## DESCRIPTION OF THE TASK
Transcribe, exactly and in full, every record shown below, while omitting its images.
DATASET EXTRACT START
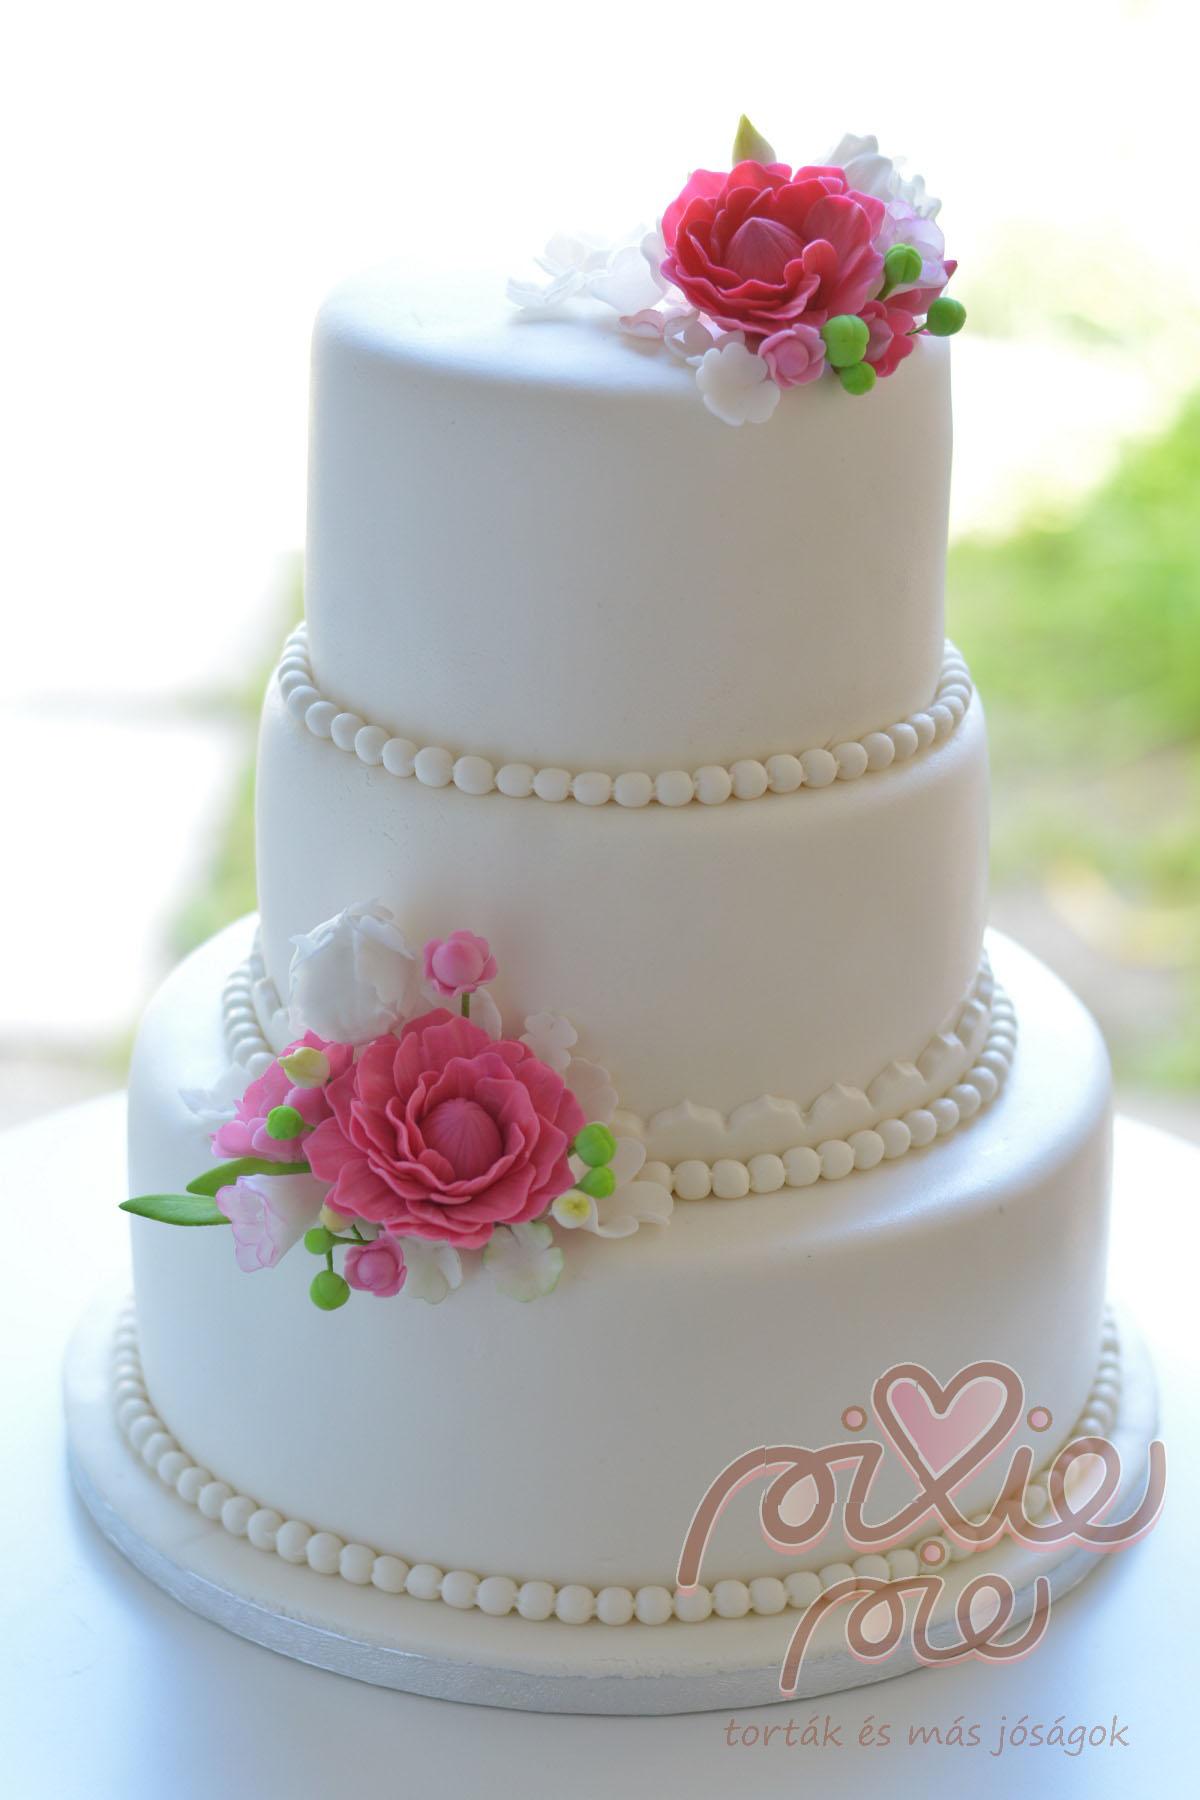 egyszerű esküvői torta Esküvői torta virágos   PixiePie torta egyszerű esküvői torta
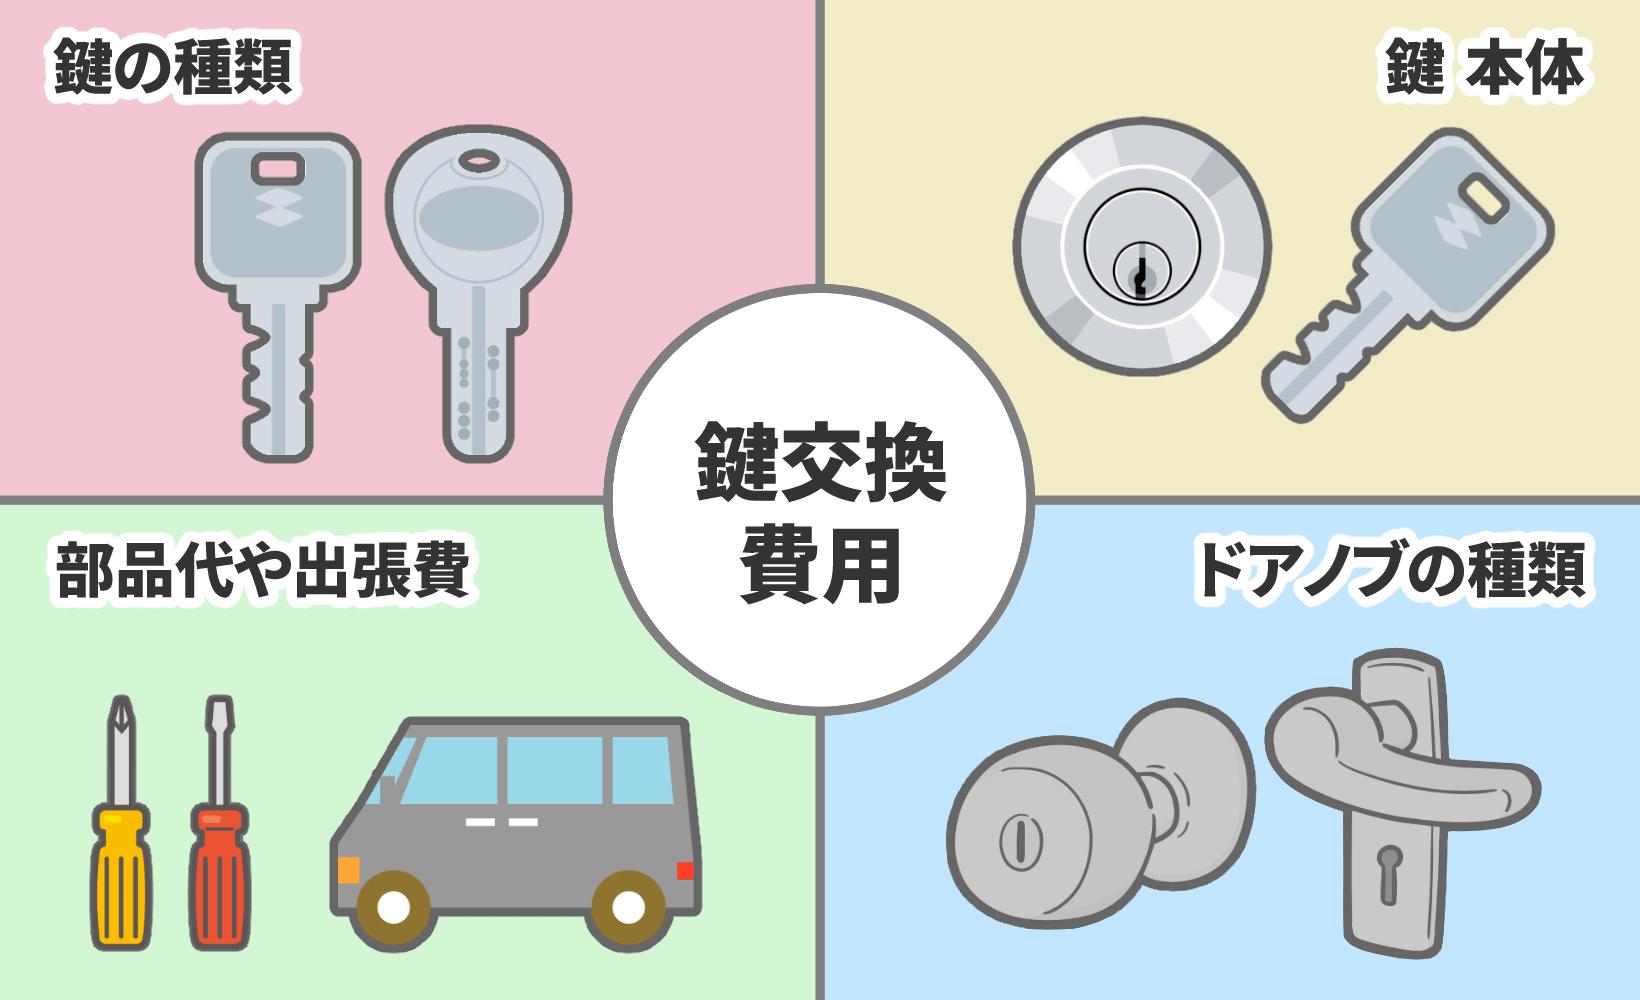 鍵交換にかかる費用は、鍵の種類、鍵本体、作業費や出張費、ドアノブの種類によって決まります。
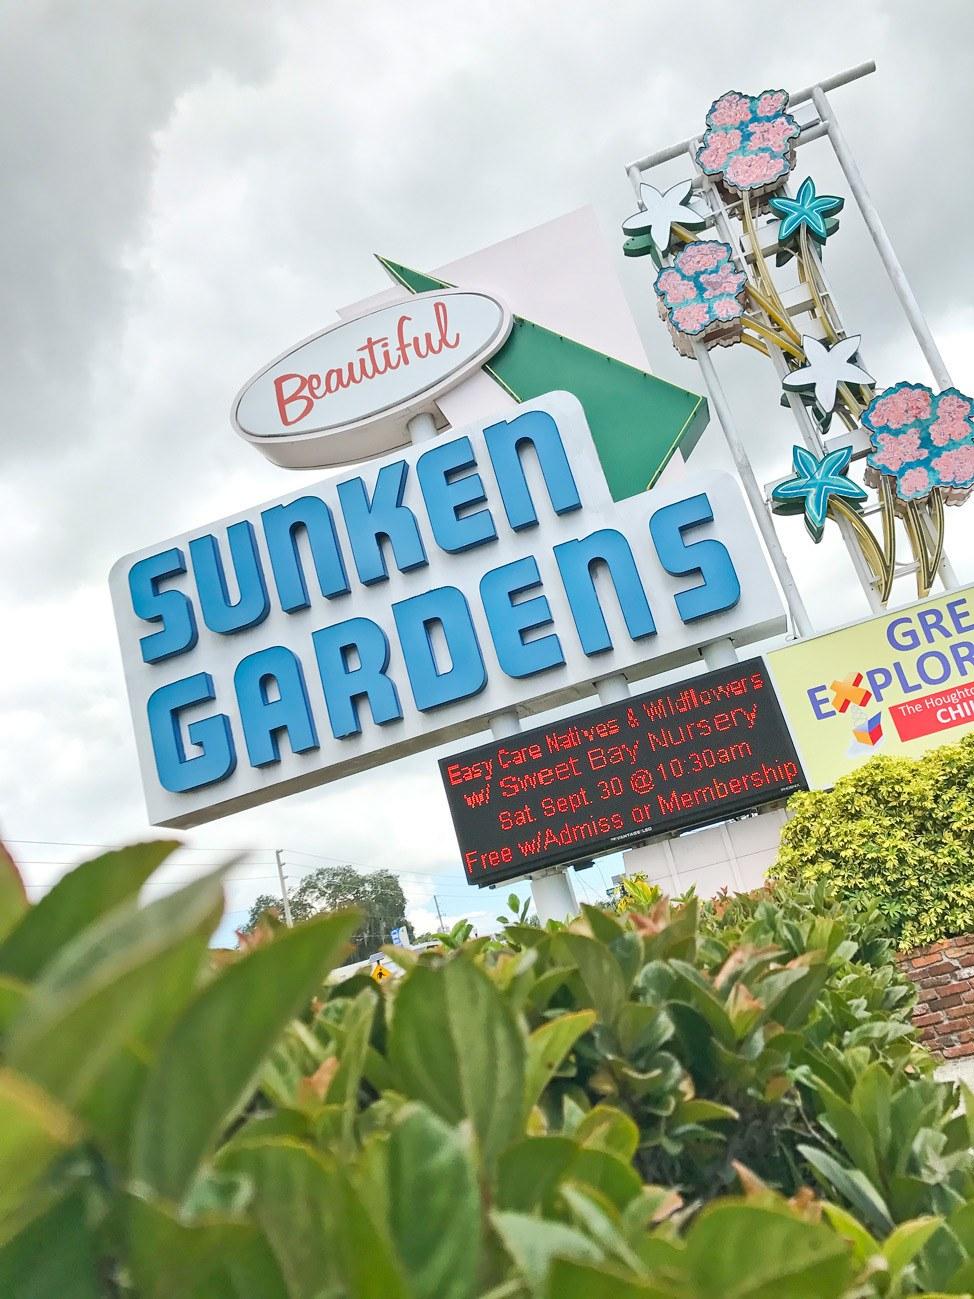 Sunken Gardens, St. Pete, Florida
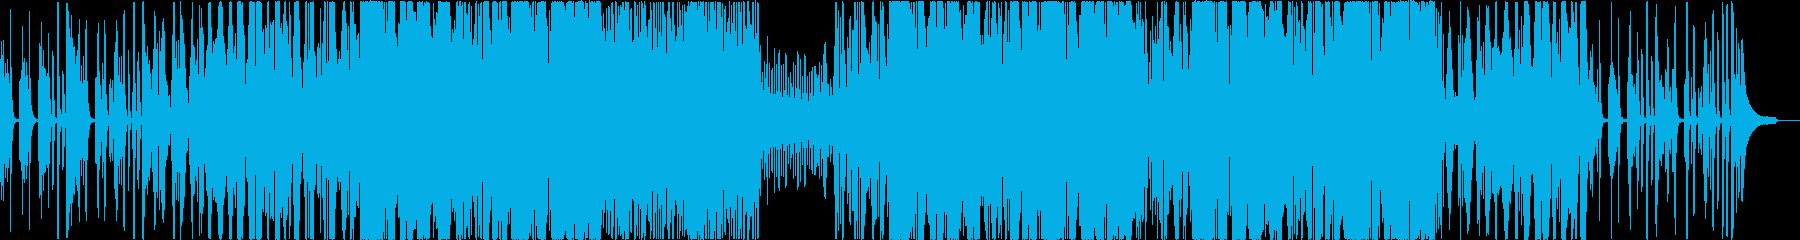 【リズム抜き】わくわくおしゃれなピアノ+の再生済みの波形
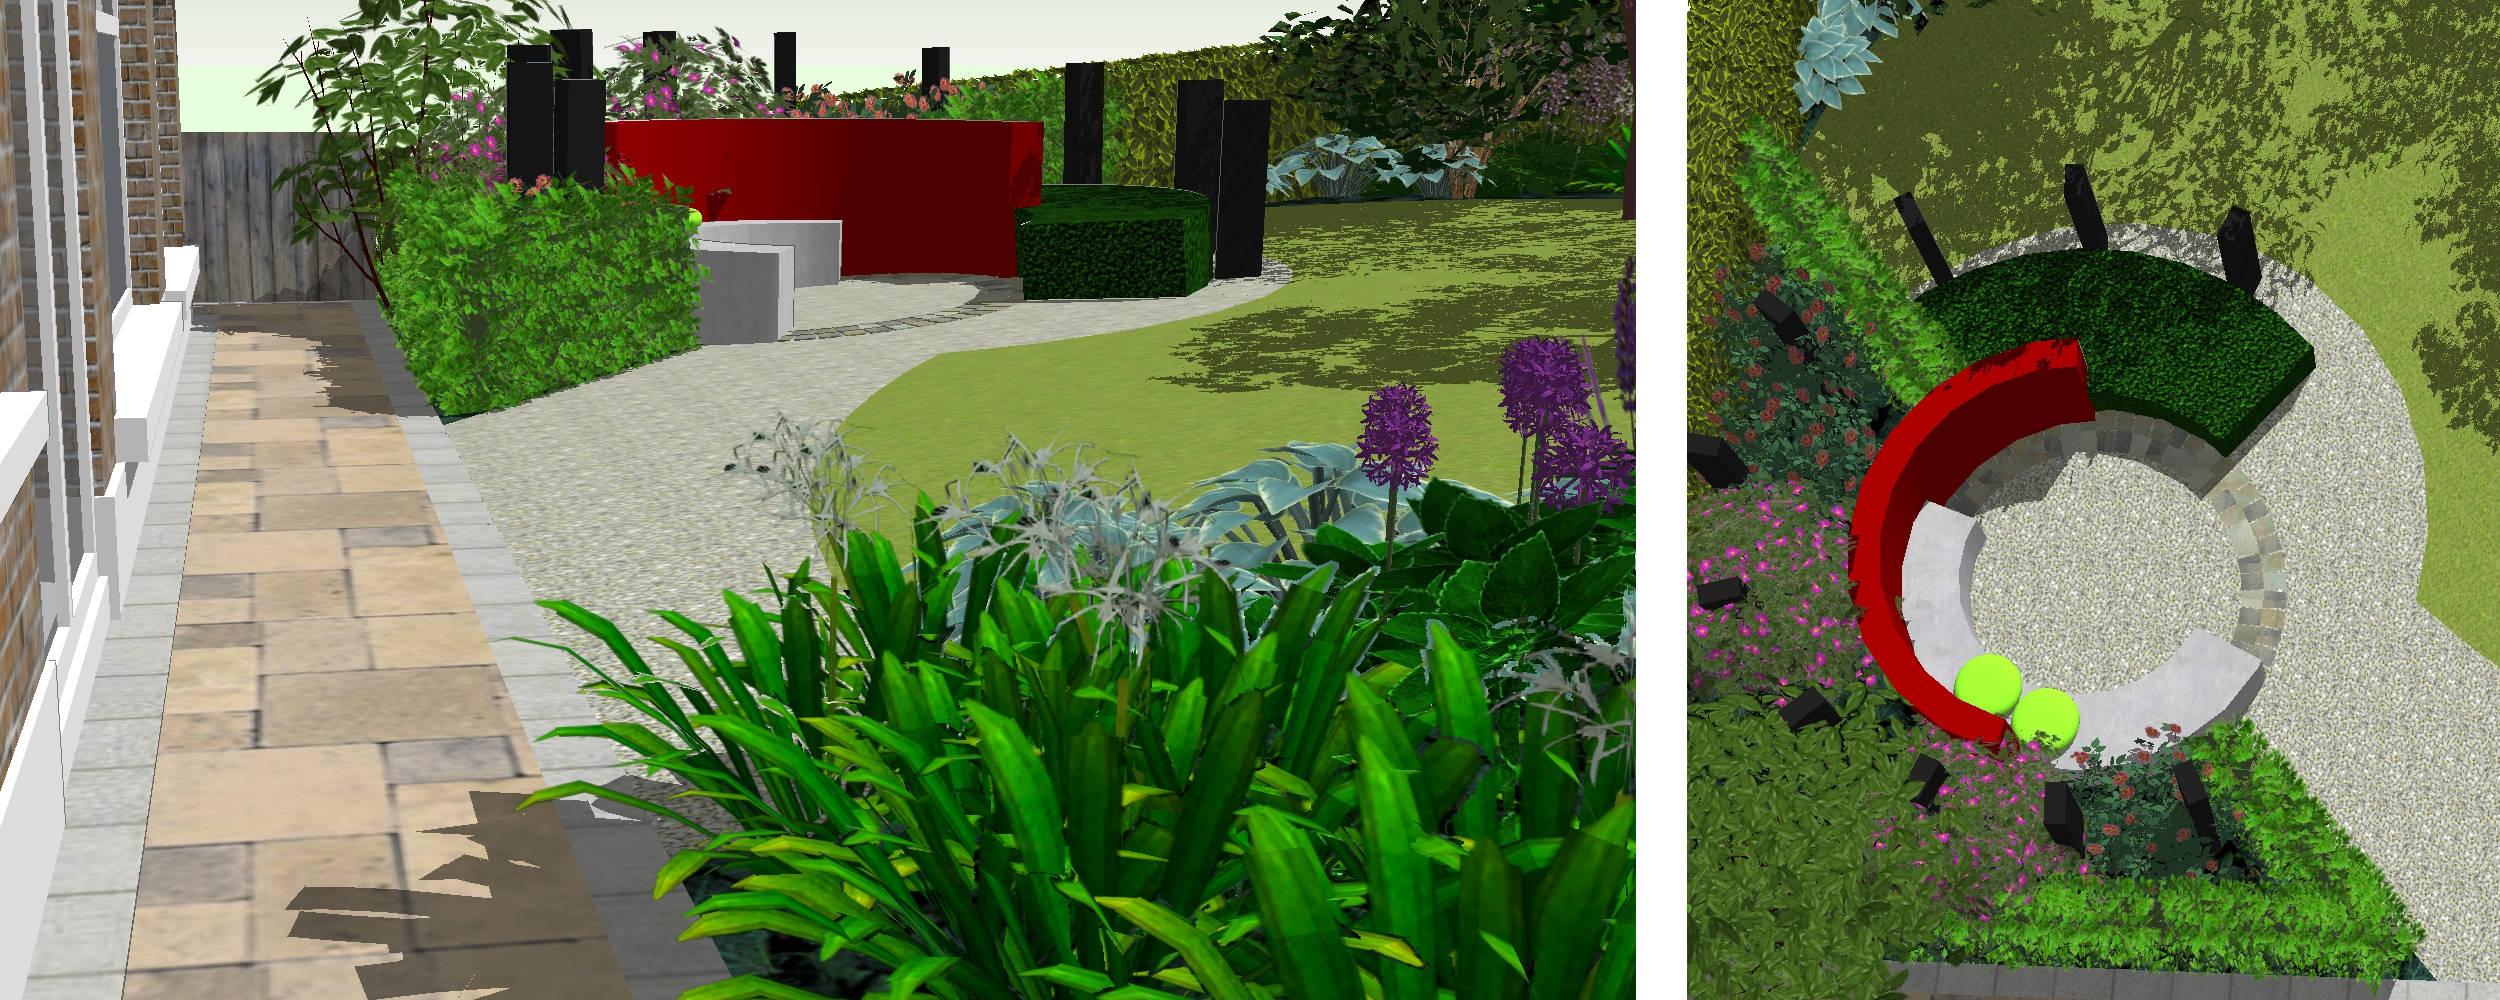 CAN YOU USE CURVES IN A SMALL GARDEN? — ARTHUR CHARLES Radial Garden Design on symmetrical garden design, linear garden design, vertical garden design, asymmetrical garden design, rectangular garden design,
DATASET EXTRACT END
## WRITTEN SOLUTION
 egyszerű esküvői torta Esküvői torta virágos   PixiePie torta egyszerű esküvői torta
 鍵交換にかかる費用は、鍵の種類、鍵本体、作業費や出張費、ドアノブの種類によって決まります。
 Sunken Gardens, St. Pete, Florida
 【リズム抜き】わくわくおしゃれなピアノ+の再生済みの波形
 CAN YOU USE CURVES IN A SMALL GARDEN? — ARTHUR CHARLES Radial Garden Design on symmetrical garden design, linear garden design, vertical garden design, asymmetrical garden design, rectangular garden design,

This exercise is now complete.